A full tutorial of debugging Flask app in Visual Studio Code is in here.
-
Update server/config/chart_config/
<category>.json
with the new chart.{ "category": "", // The top level category this chart belongs to. Order of charts in the spec matters. "topic": "", // Strongly encouraged - A page-level grouping for this chart. "titleId": "", // Strictly for translation purposes. "title": "", // Default (EN) display string "description": "", // Strictly for translation purposes. "statsVars": [""], // List of stat vars to include in the chart "isOverview": true, // Optional - default false. If the chart should be added to the overview page. "isChoropleth": true, // Optional - default false. If a map should be used to display the data "unit": "", "scaling": 100, "relatedChart": { // Defined if there should be comparison charts added // All chart fields from above can be specified. If unspecified, it will be inherited. } }
-
Update related files.
-
If adding a new category, create a new config file in server/chart_config and add the new category to:
-
If a new stat var is introduced, also update:
- Labels that appear as chips under comparison charts: static/js/i18n/strings/en/stats_var_labels.json
- Titles on ranking pages: static/js/i18n/strings/en/stats_var_titles.json
- New stat vars which have not been cached: NEW_STAT_VARS
-
If a new unit is required, update:
- static/js/i18n/i18n.tsx
- static/js/i18n/strings/*/units.json (with display names and labels for the unit in ALL languages)
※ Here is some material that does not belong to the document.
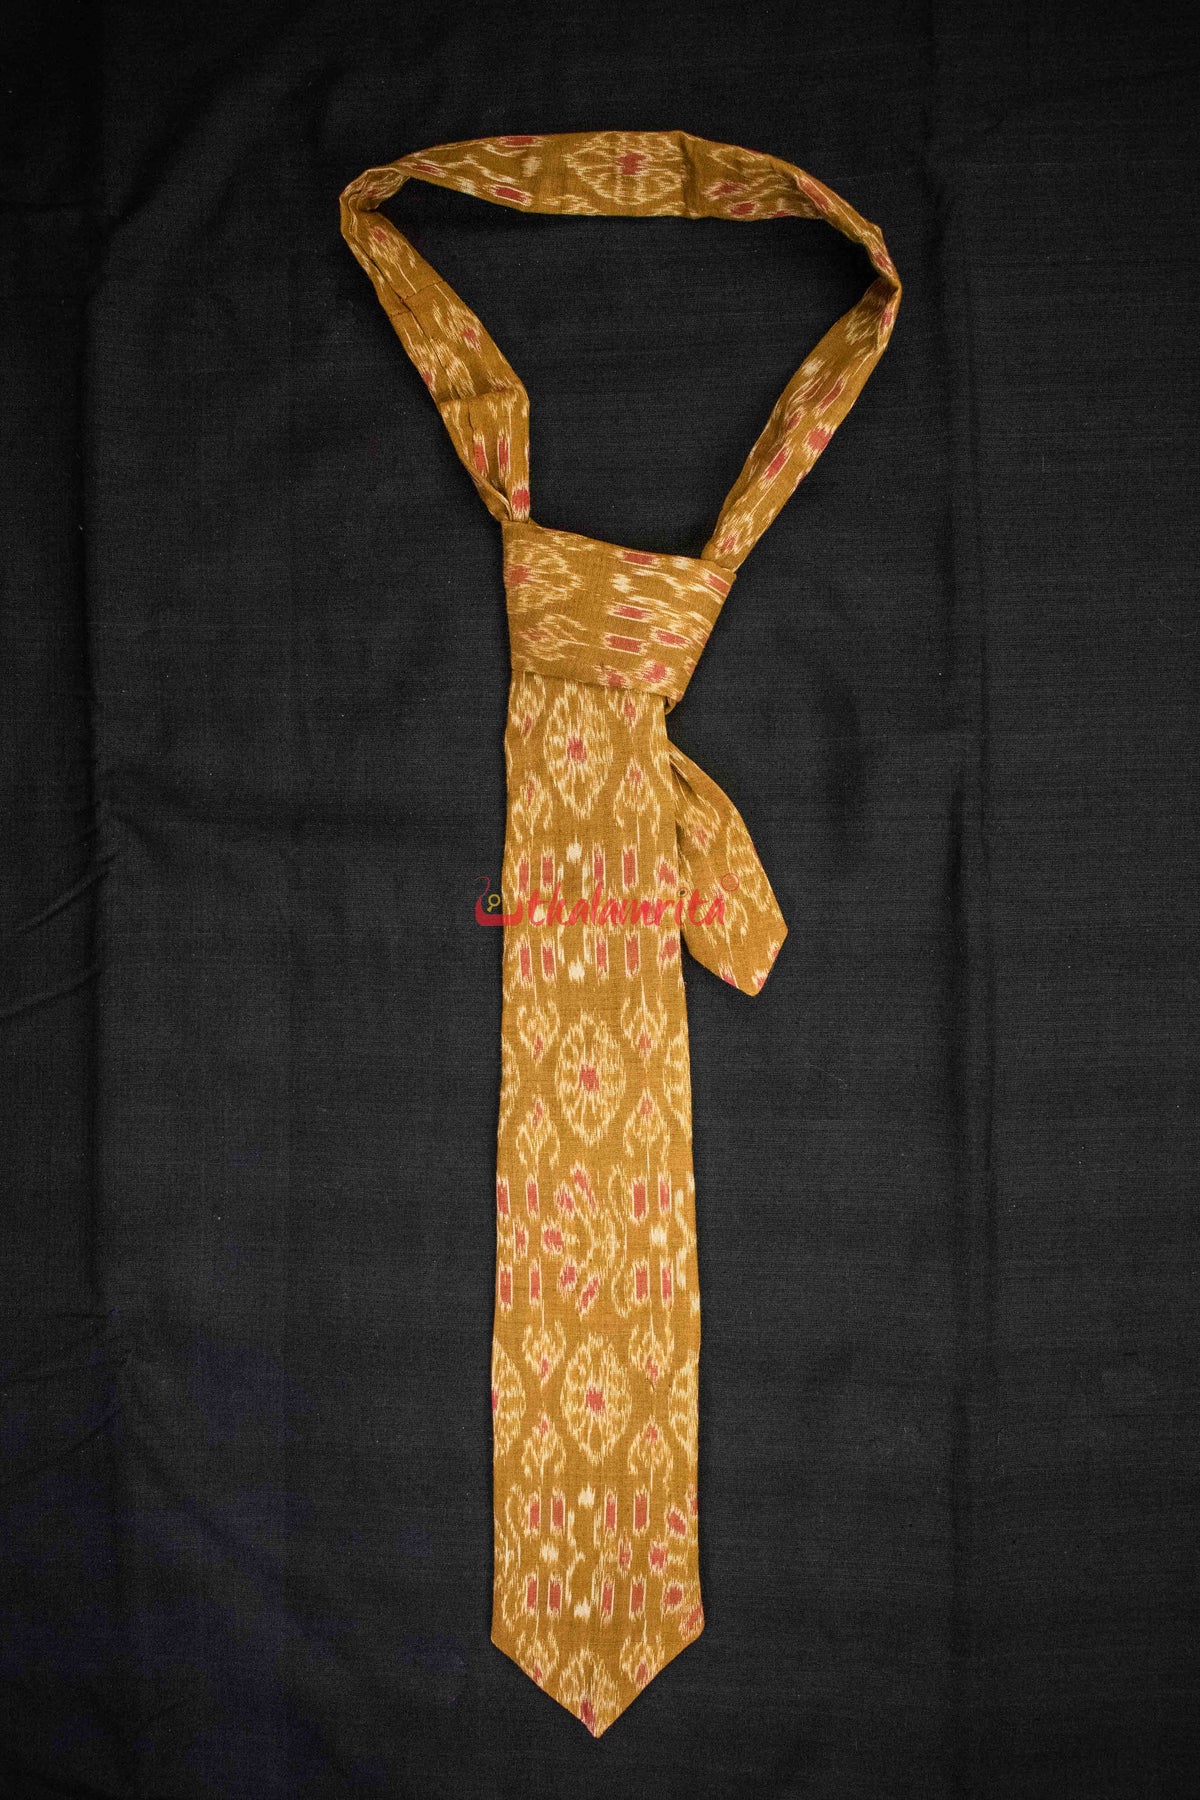 Mustard Flower (Tie)
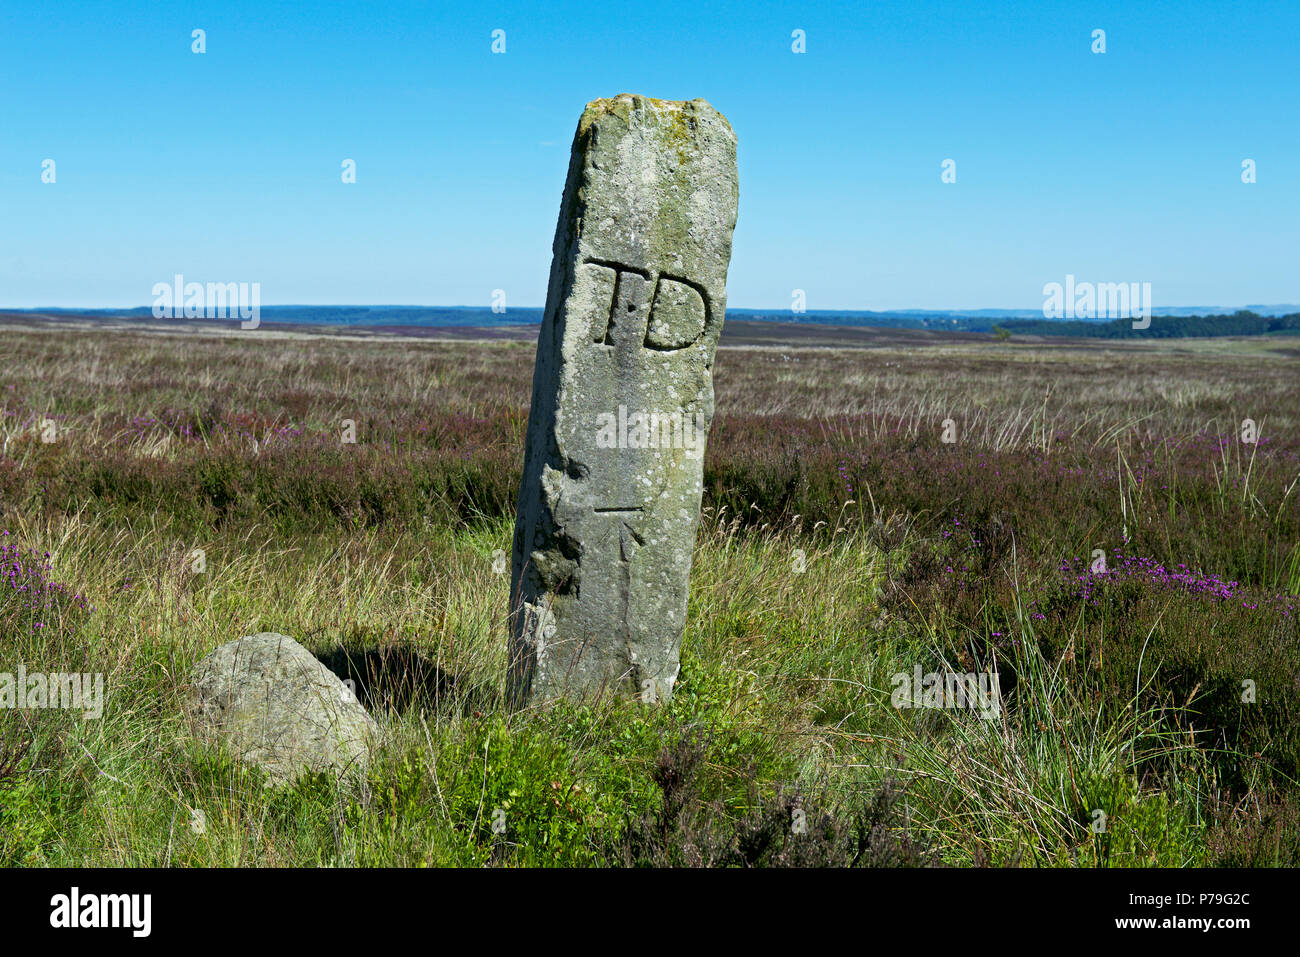 Bounday stone marked with TD (Thomas Duncombe), Rosedale, North York Moors National Park, North Yorkshire, England UK Stock Photo

Note: Please add very detailed descriptions to guide our translators. See localization.md for more details.
-
-
Run these commands:
./scripts/extract_messages.sh ./scripts/compile_messages.sh
-
IMPORTANT: Manually restart Flask to reload the config and translations. Most likely, this means re-running
run_server.py
-
Test the data on a place page!
-
Disable headless mode in webdriver to follow the test in Chrome. Chrome features like the dev inspector are available in this mode which is useful combined with
sleep()
to give you time to inspect the page. To enter this mode, comment out this line in base.py:chrome_options.add_argument('--headless')
-
Another option is to save a screenshot at various points of the test:
self.driver.save_screenshot(filename)
The GKE configuration is stored here.
Redis memcache is used for production deployment. Each cluster has a Redis instance located in the same region.
To test .yaml cloudbuild files, you can use cloud-build-local to dry run the file before actually pushing. Find documentation for how to install and use cloud-build-local here.